What is required = An exact repetition of the data below, without images, is the expected answer.

Dataset content =
◆ ◆ ◆ ◆

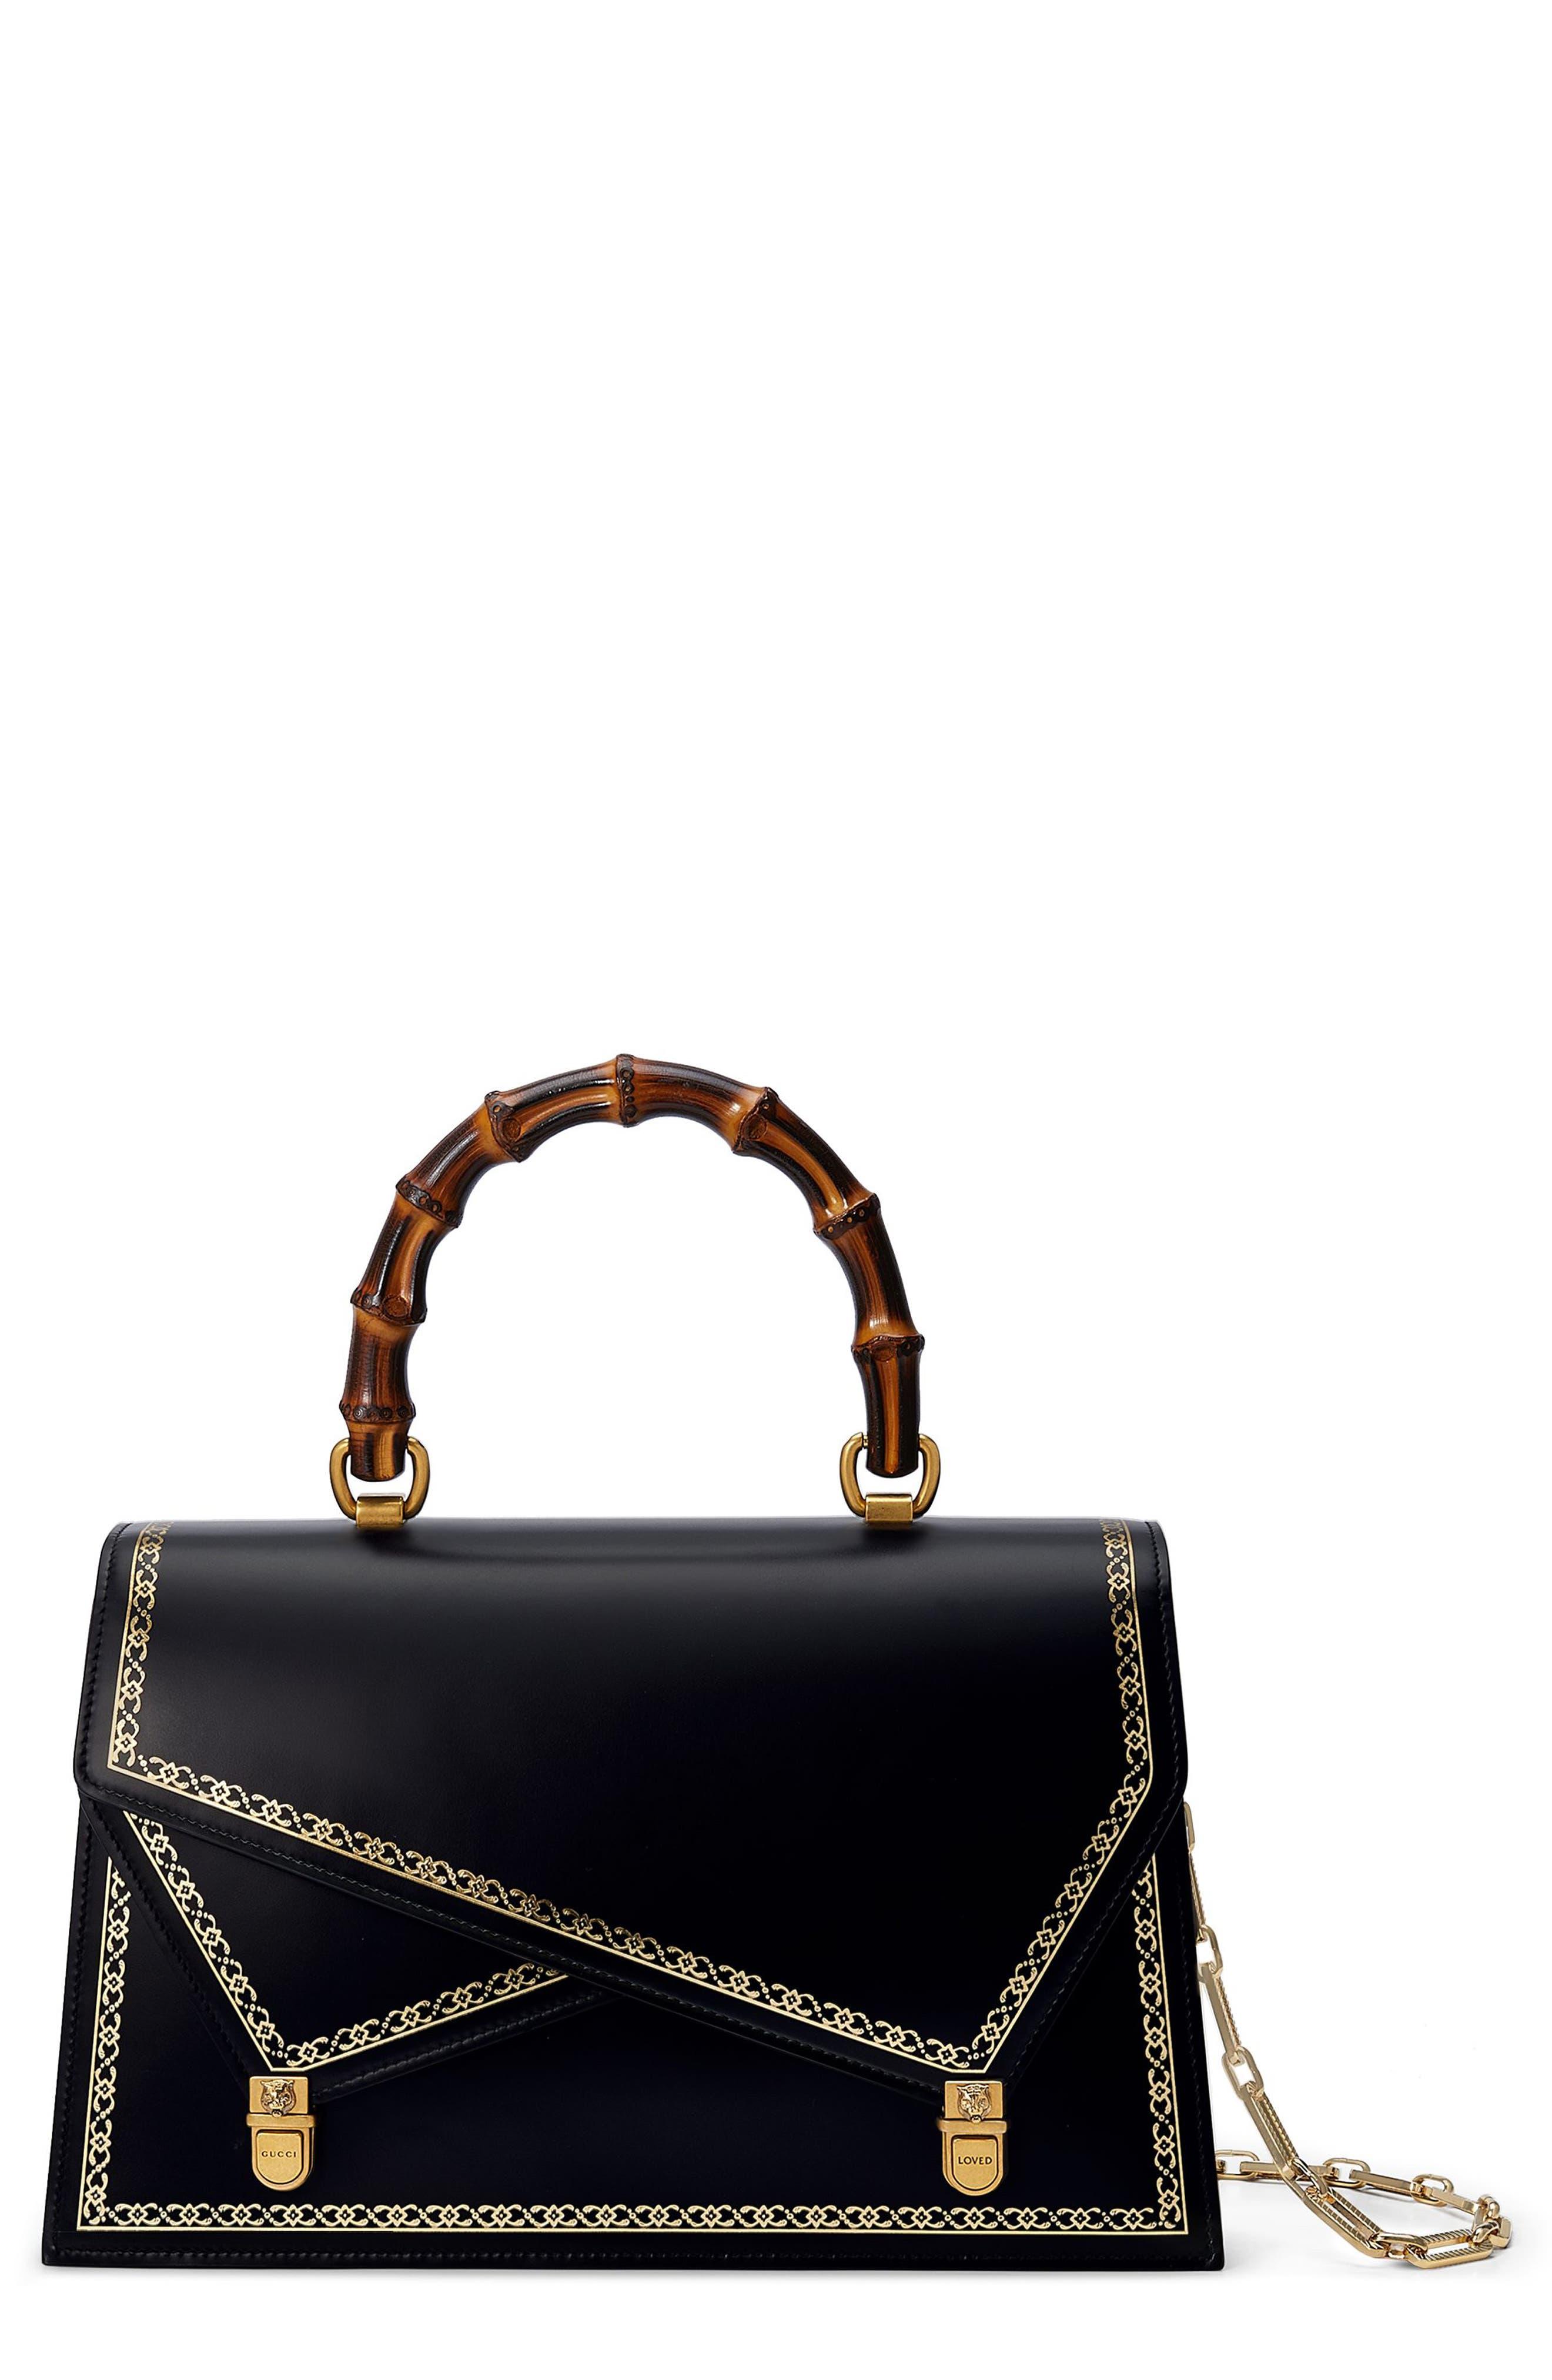 Linea P Border Leather Double Flap Top Handle Satchel,                             Main thumbnail 1, color,                             Nero
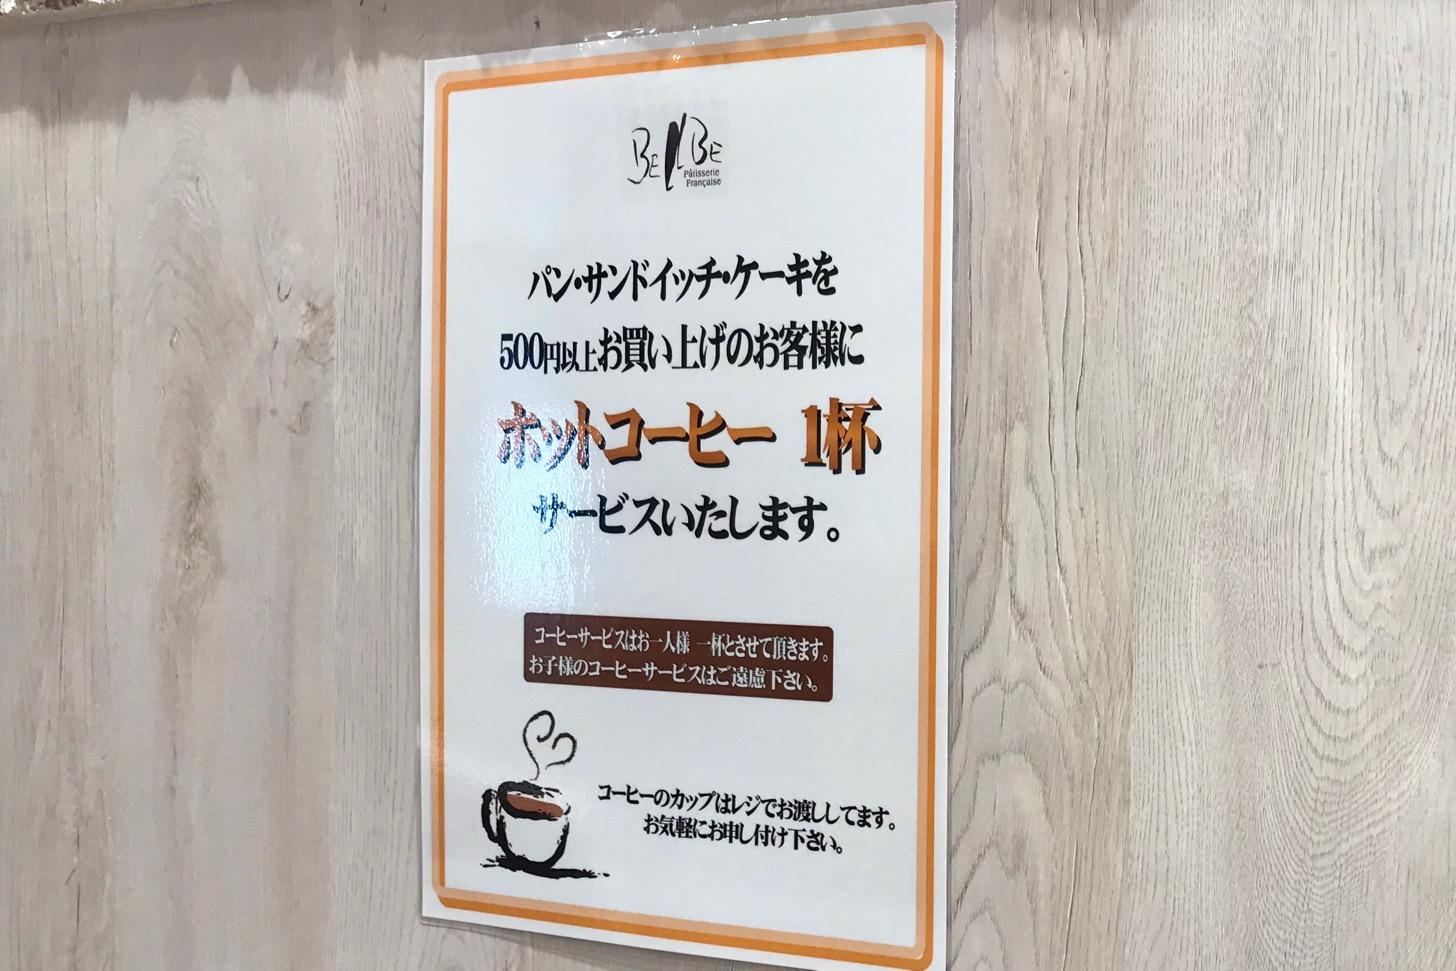 パン、サンドウィッチ、ケーキを500円以上購入するとホットコーヒーを1杯サービス
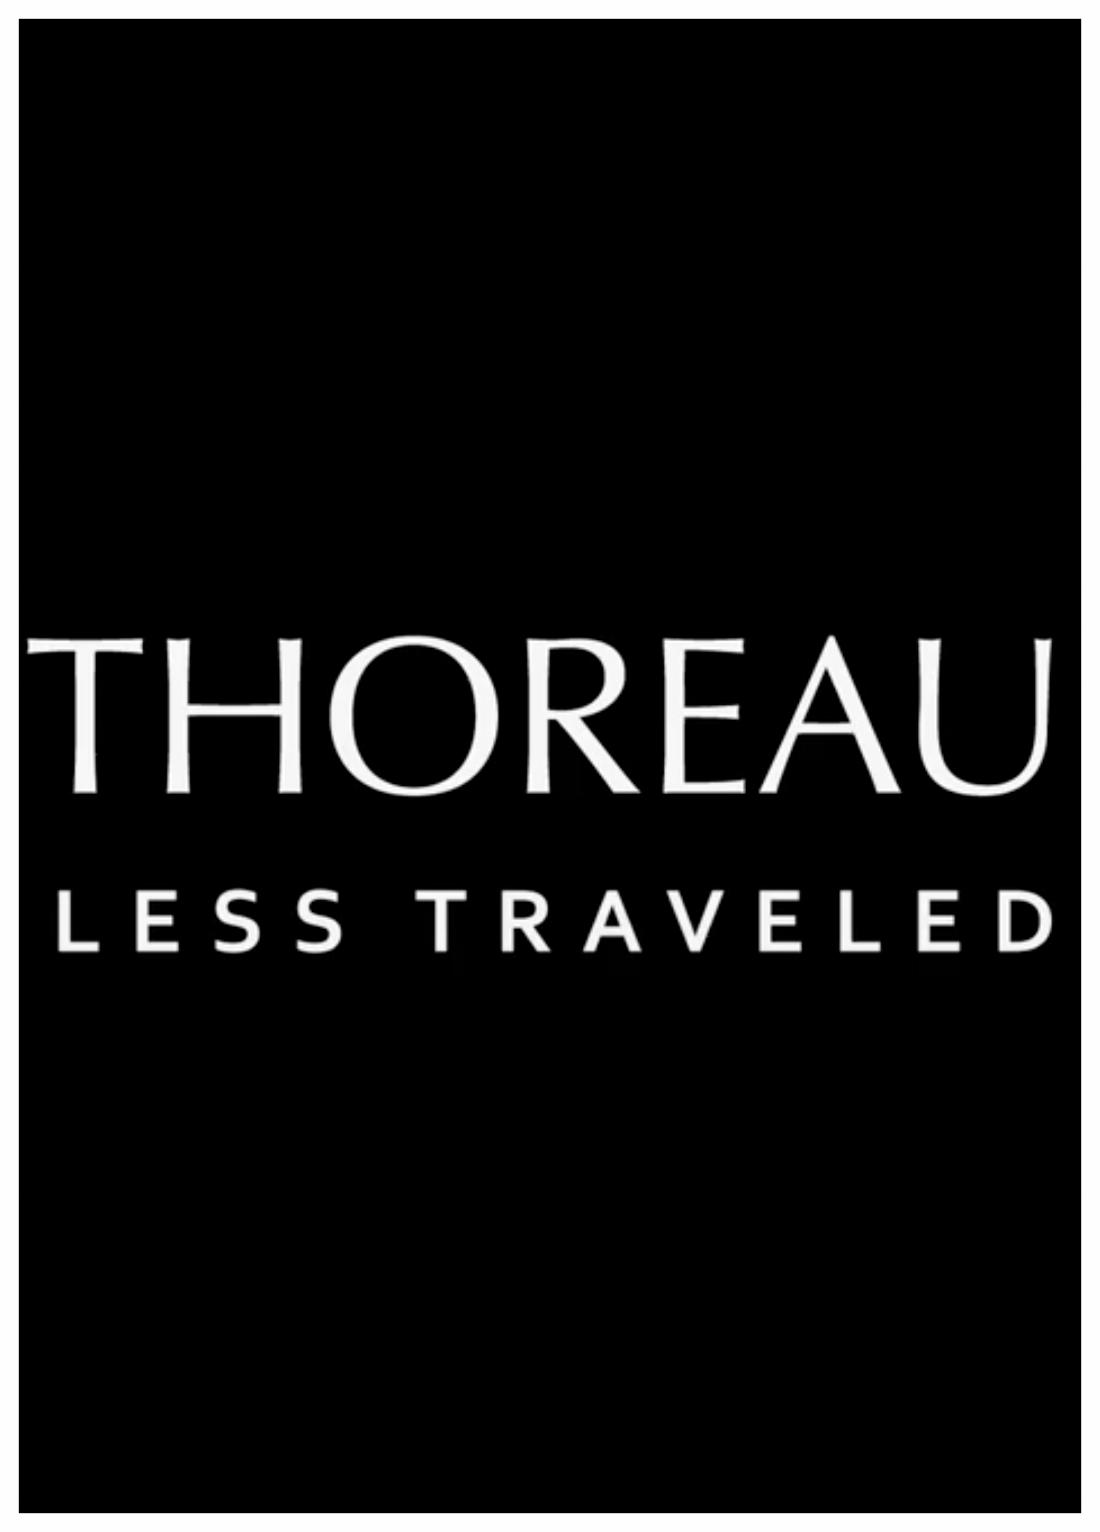 Thoreau Less Traveled

◆ ◆ ◆ ◆

The answer =
 Linea P Border Leather Double Flap Top Handle Satchel,                             Main thumbnail 1, color,                             Nero
 パン、サンドウィッチ、ケーキを500円以上購入するとホットコーヒーを1杯サービス
 Thoreau Less Traveled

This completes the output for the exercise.